Homage, or pastiche?

A lot of people whose opinions I respect have been talking about Cordwainer Smith recently. So I checked out a collection of his stories and read "The Dead Lady of Clown Town." (It's also available online for free and I'd started reading it once, but I decided I'd rather read it from a book.)

One thing I really liked about the story was the play between what's common knowledge/urban legend for the supposed readers in a time well beyond the events described versus the real story as it happened. It was full of references to the well-known video footage, to the plays and paintings that have commemorated the scenes of the story. According to the notes in this particular collection, Smith was basing the style of the story (by which I think the editor is referring to this aspect, though as I read more of the stories here, it may become clearer what he means exactly) on certain Chinese stories.

So today I was doing a 1-hour-write challenge and started playing around with that as well, telling a story as if it was a well-known but now-mythologized event for the imaginary readers. My fear is that it will feel too much of a copy--apart from this aspect, I don't think anything else will be similar, so in that sense it will be very much my own story. If that aspect is drawn from Chinese stories, I'd love to know more about that, to read some of the originals (in translation, of course). The editor, unfortunately, doesn't give any more info on that. Anyone know more?

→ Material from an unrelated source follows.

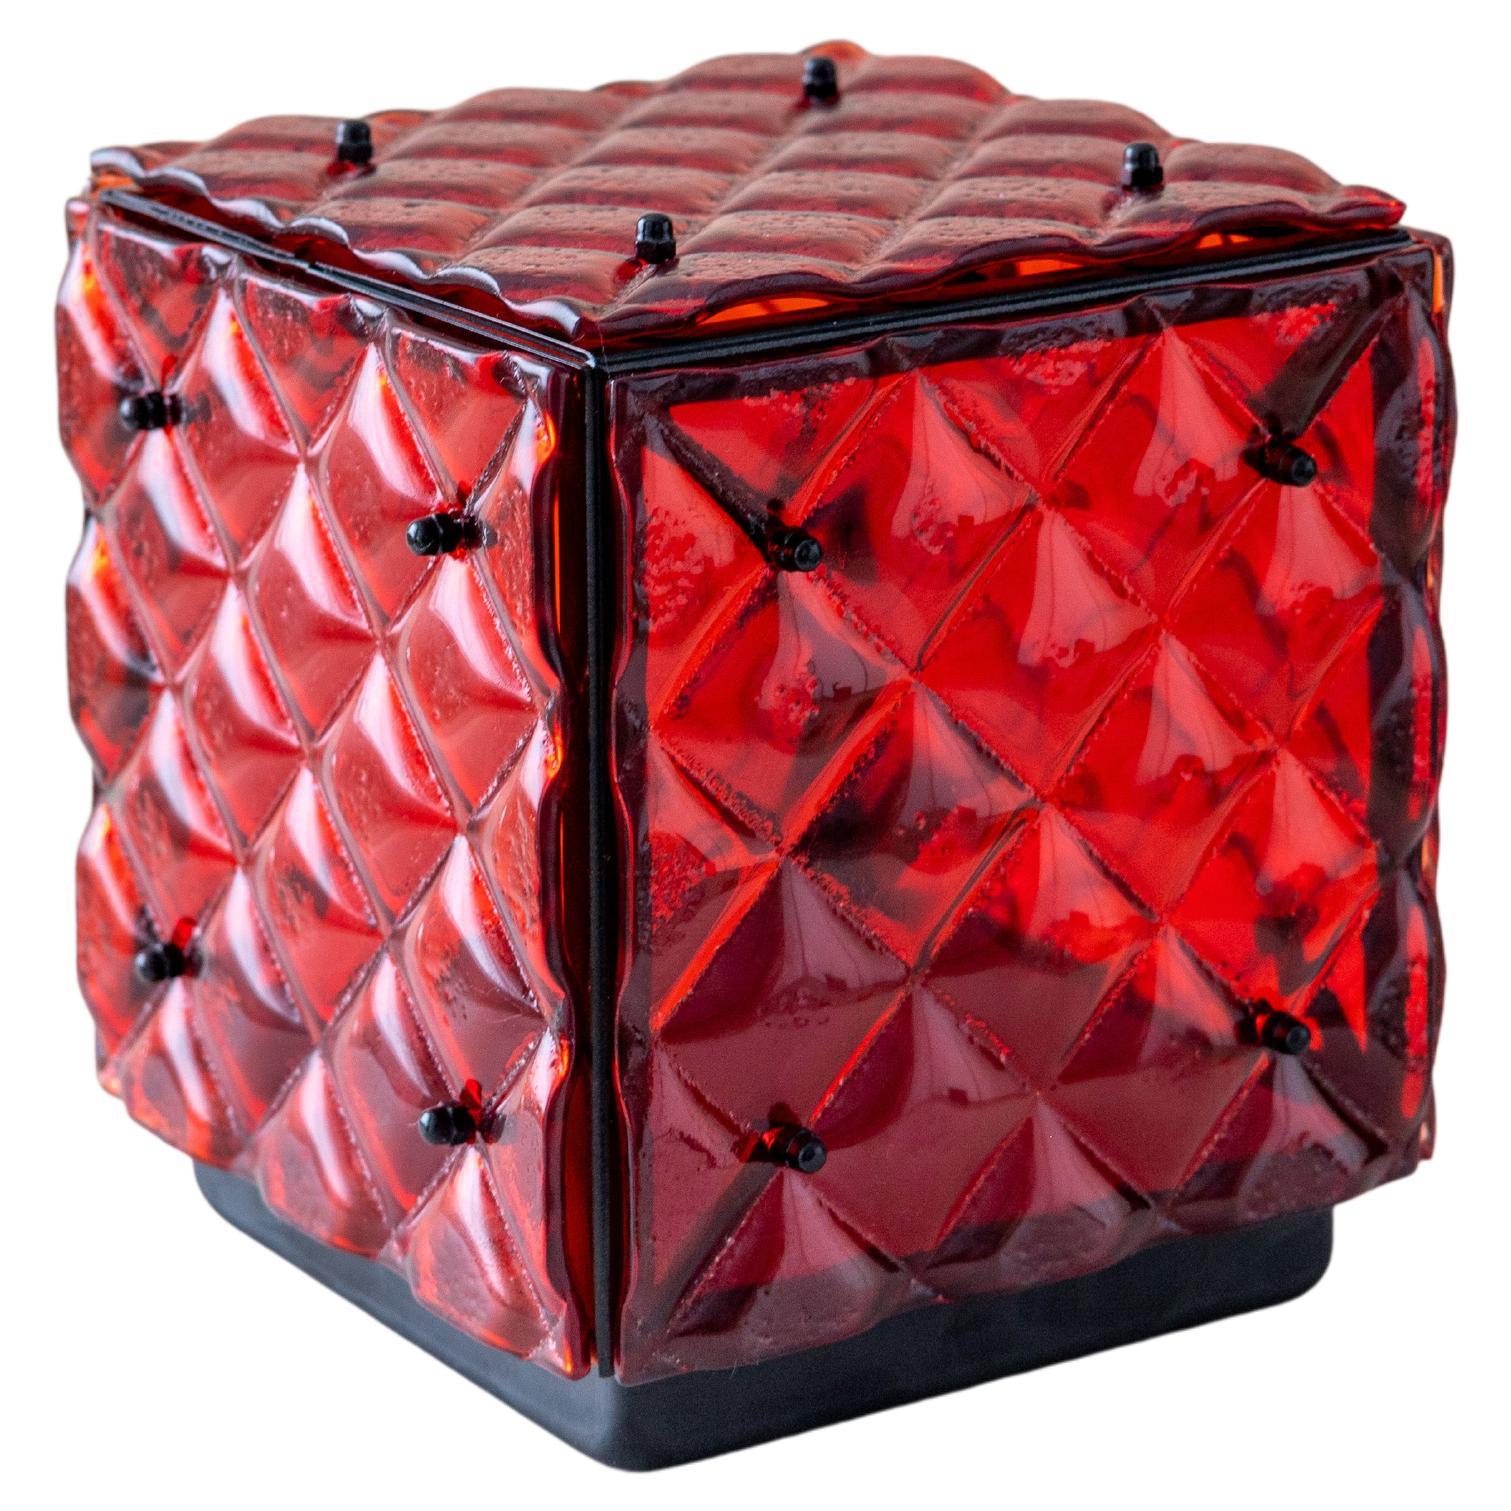 Lampe cubique en verre rouge Ambient Light Verre fusionné artisanal Design Contemporary

And...would this sound too much like a copy or pastiche to you? Or simply homage for what inspired me?

Comments

Jeremy said…
Homage, pastiche, a little of both. And there's nothing wrong with either. It sounds very interesting. Writers have always played with the ideas that come before them. It's how we have a continuing dialogue on some matters, I think.
Daniel Ausema said…
True--poetry is probably even more that way, with poems reacting to and commenting on each other all the time. But I guess we do do that in fiction too. Thanks.